## [ABOUT THIS EXERCISE]
Please give back the listing below word for word, without the images.

## [PROVIDED DATA]
========================================================================

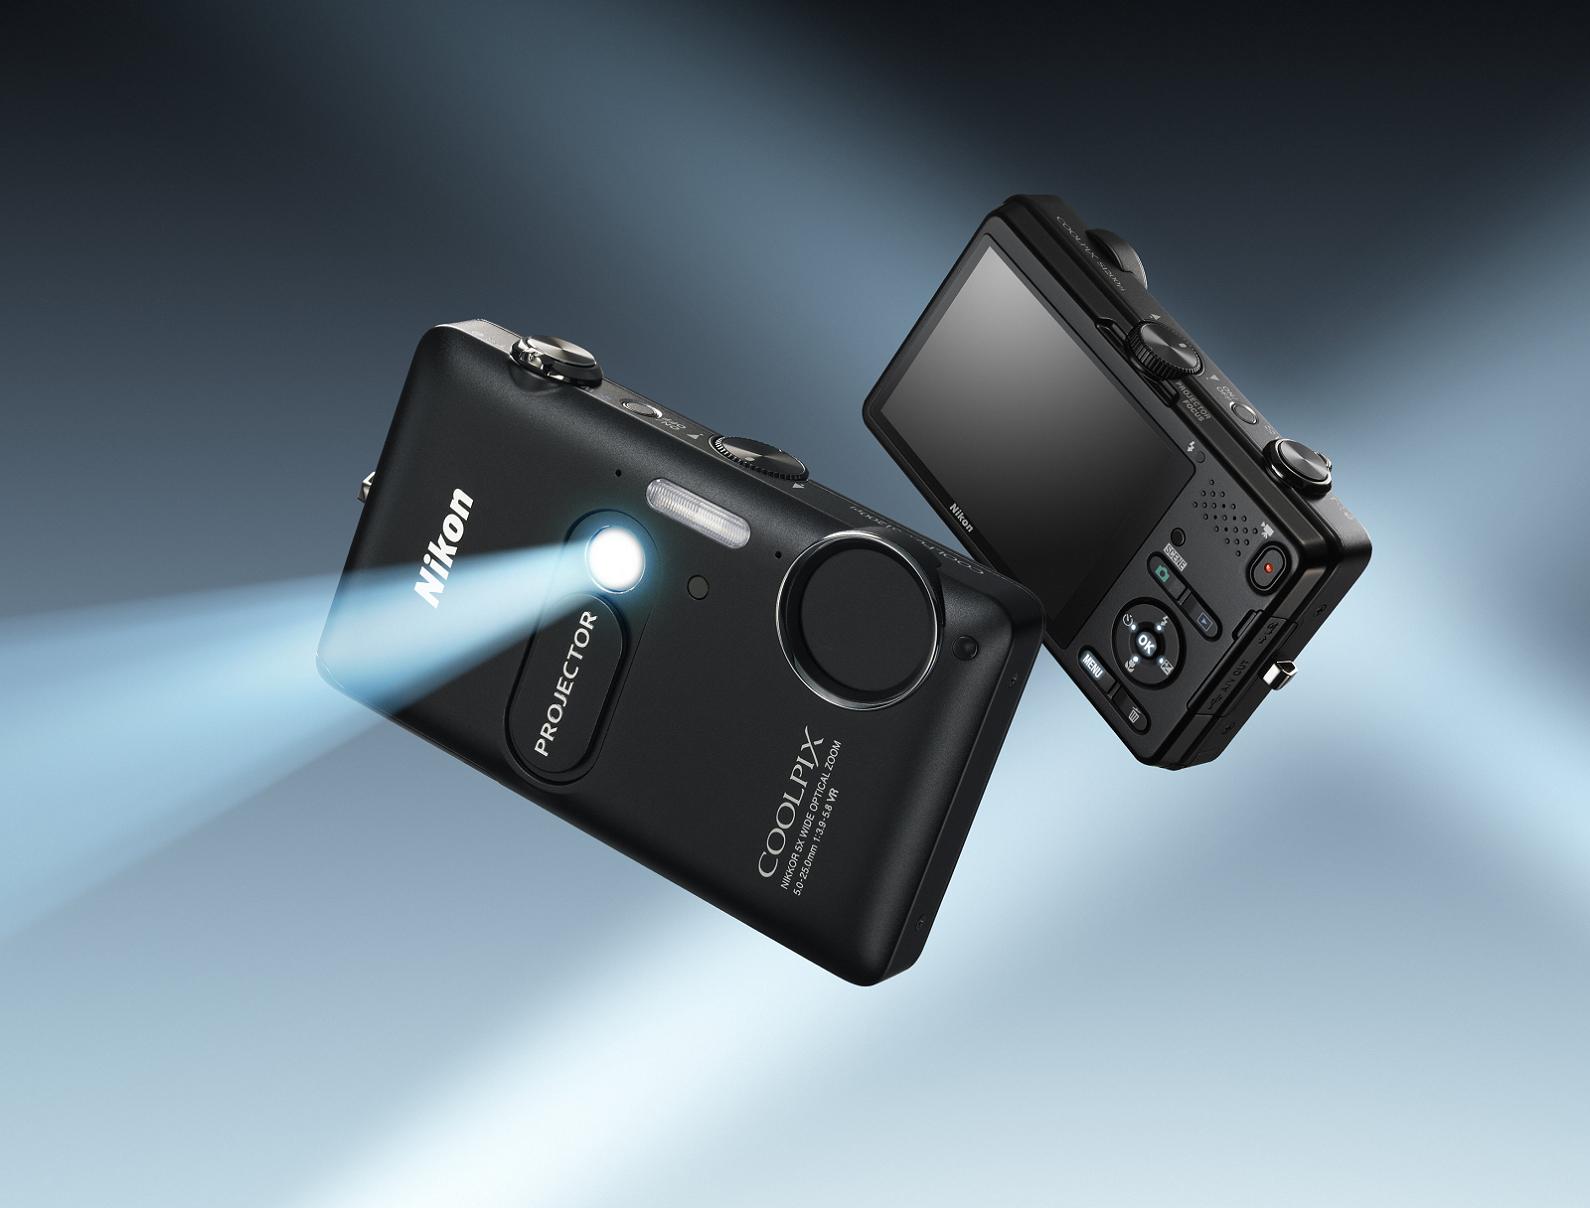 آموزش دوربین نیکون Coolpix S1200pj
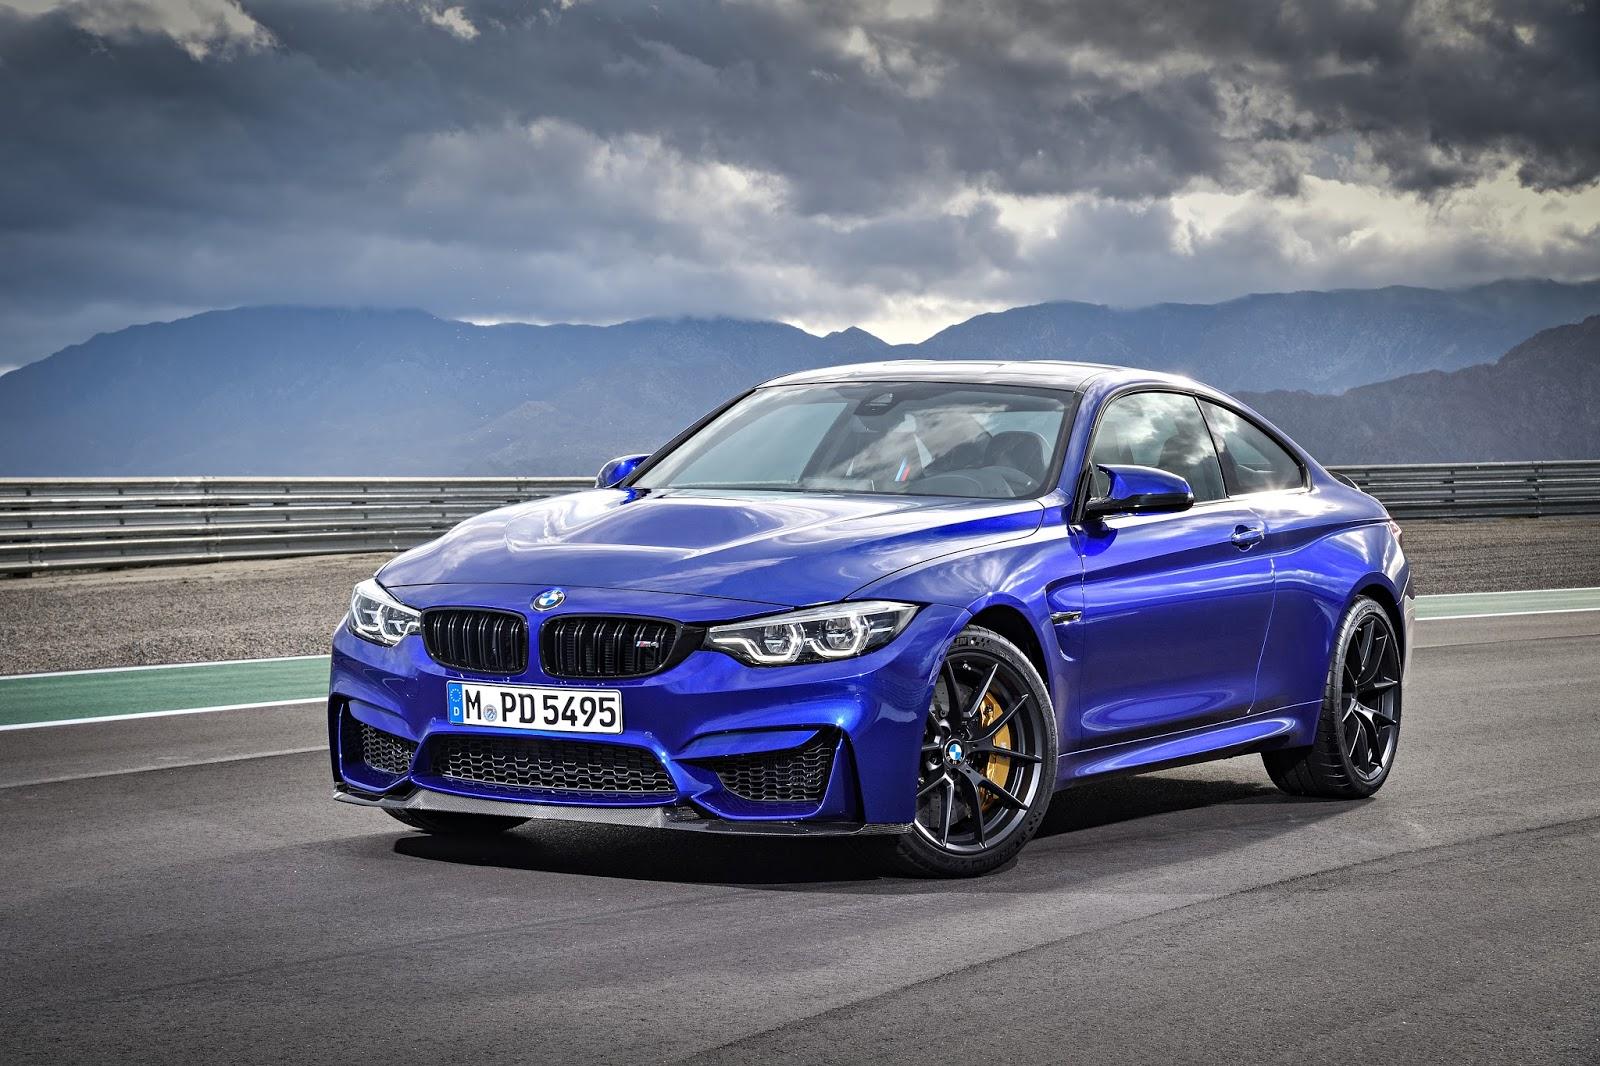 P90251019 highRes the new bmw m4 cs 04 1 Η περιορισμένης παραγωγής BMW M4 ClubSport δική σας με 116.900 ευρώ
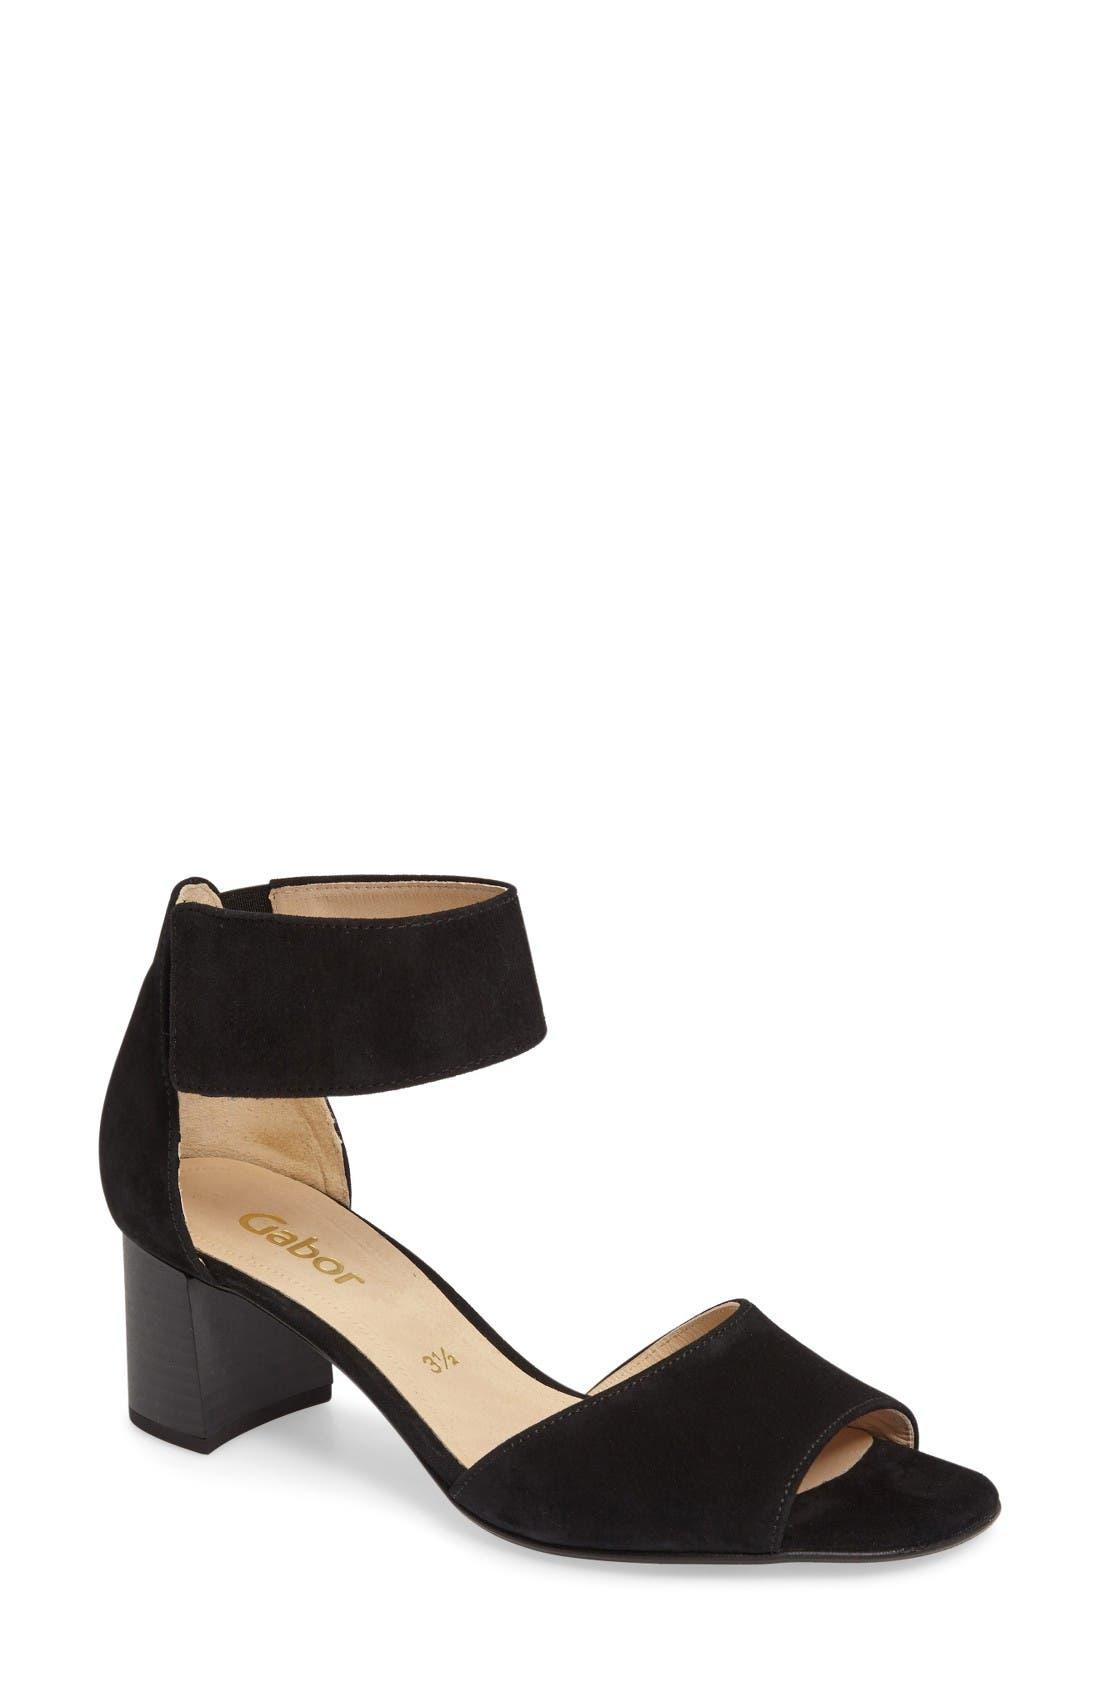 GABOR Ankle Strap Sandal

========================================================================

## [REPLY]
 آموزش دوربین نیکون Coolpix S1200pj
 P90251019 highRes the new bmw m4 cs 04 1 Η περιορισμένης παραγωγής BMW M4 ClubSport δική σας με 116.900 ευρώ
 GABOR Ankle Strap Sandal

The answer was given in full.